In another approach, the sintering may be carried out at a higher temperature for a shorter duration of time to increase the mechanical strength of the ceramic material. In addition, a shorter-duration higher-temperature dwell step in the sintering profile may increase the porosity of the ceramic material. The sintering profile using less energy (e.g., shortened times) is advantageous for scaling up the process. In one approach, the sintering profile includes a series of heating steps that include a dwell temperature above 1100° C. for less than 8 hours. For example, in one exemplary approach, the sintering profile includes a heating rate of 1° C./min and dwell temperature at 150° C. for 1 h, followed directly by heating rate of 0.2° C./min and dwell temperature at 175° C. for 2 h, 200° C. for 2 h, 250° C. for 2 h and 300° C. for 2 h, followed directly by heating rate of 0.5° C./min and dwell temperature at 400° C. for 1 h, followed by partial sintering using a heating rate of 2° C./min and dwell temperatures and times of 800° C. for 4 h and 1100° C. for 5 h followed by directly cooling at a rate of 5° C./min.

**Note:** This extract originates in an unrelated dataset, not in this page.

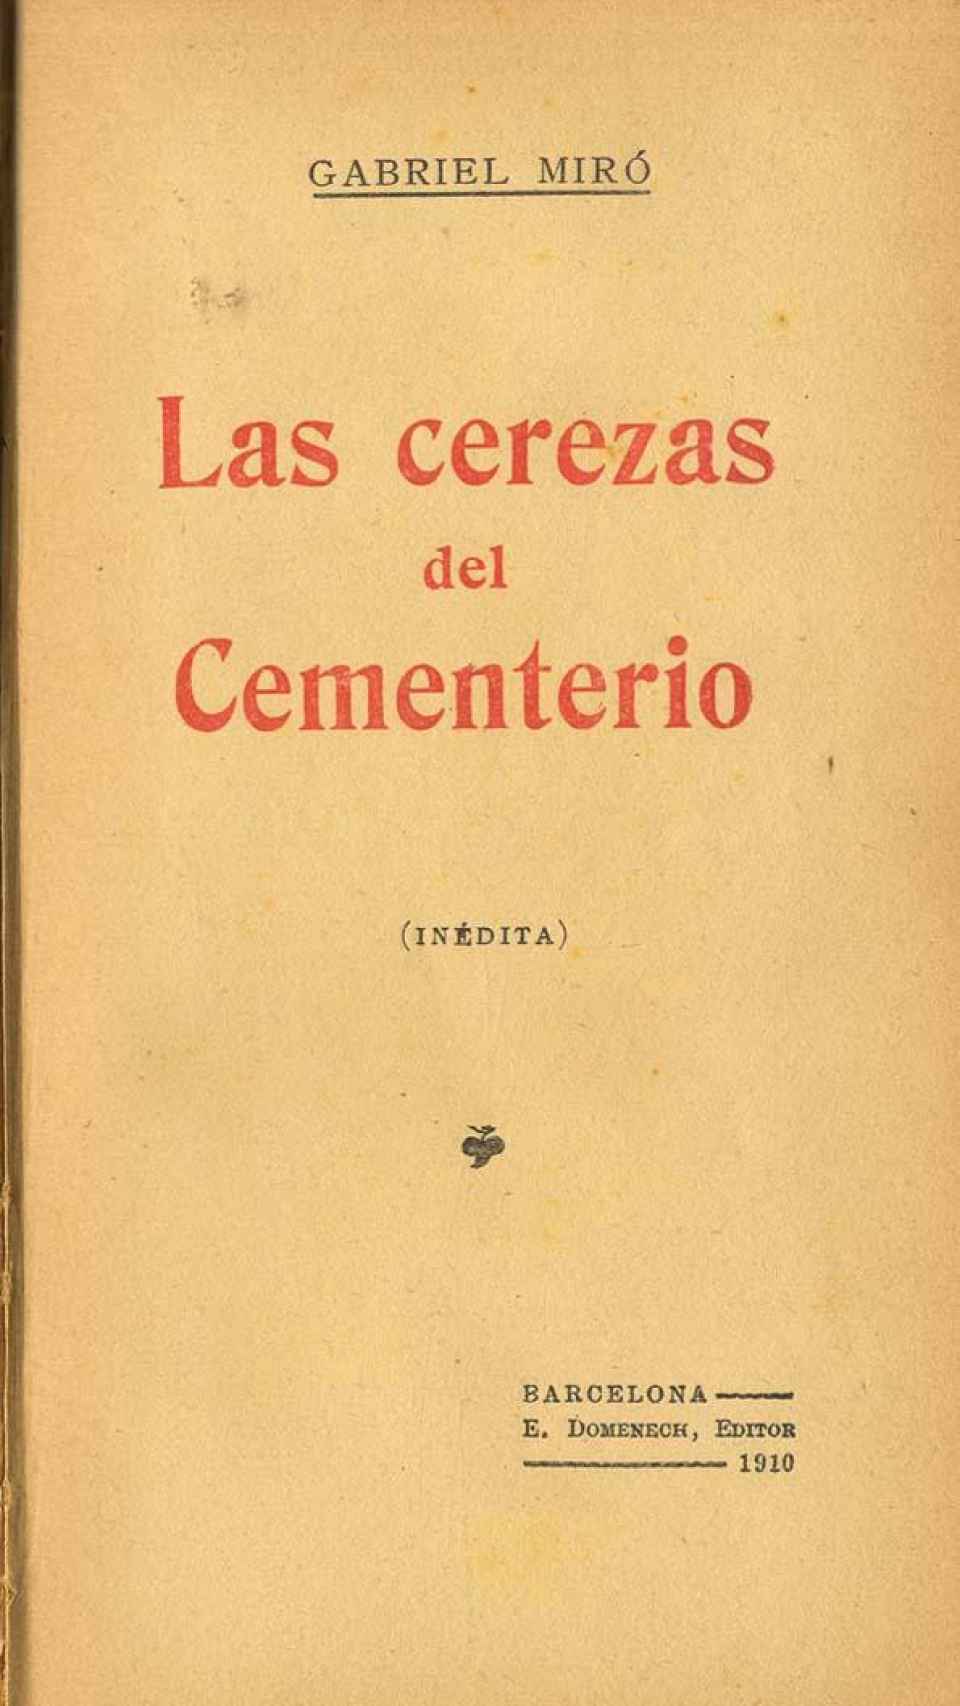 Edición de 'Las cerezas del cementerio' (1910)

In particular, the changes in this profile include a shorter amount of time at 1100° C., for example 5 hours at 1100° C. compared to 15 hours at 1050° C. In some approaches, the temperature may be higher at 1200° C. for up to one hour, e.g., 5 minutes (min), 15 min, 30 min, etc. The higher temperatures may result in closing some of the porosity of the product, however, the advantages include a mechanically stronger structure due to the increased densification of the material. A lower sintering profile allows a higher porosity. A shorter-duration higher-temperature sintering profile causes the part to shrink thereby resulting in a part having a higher density. A higher sintering profile allows a lower porosity with increased mechanical performance (e.g., mechanical strength) of the material.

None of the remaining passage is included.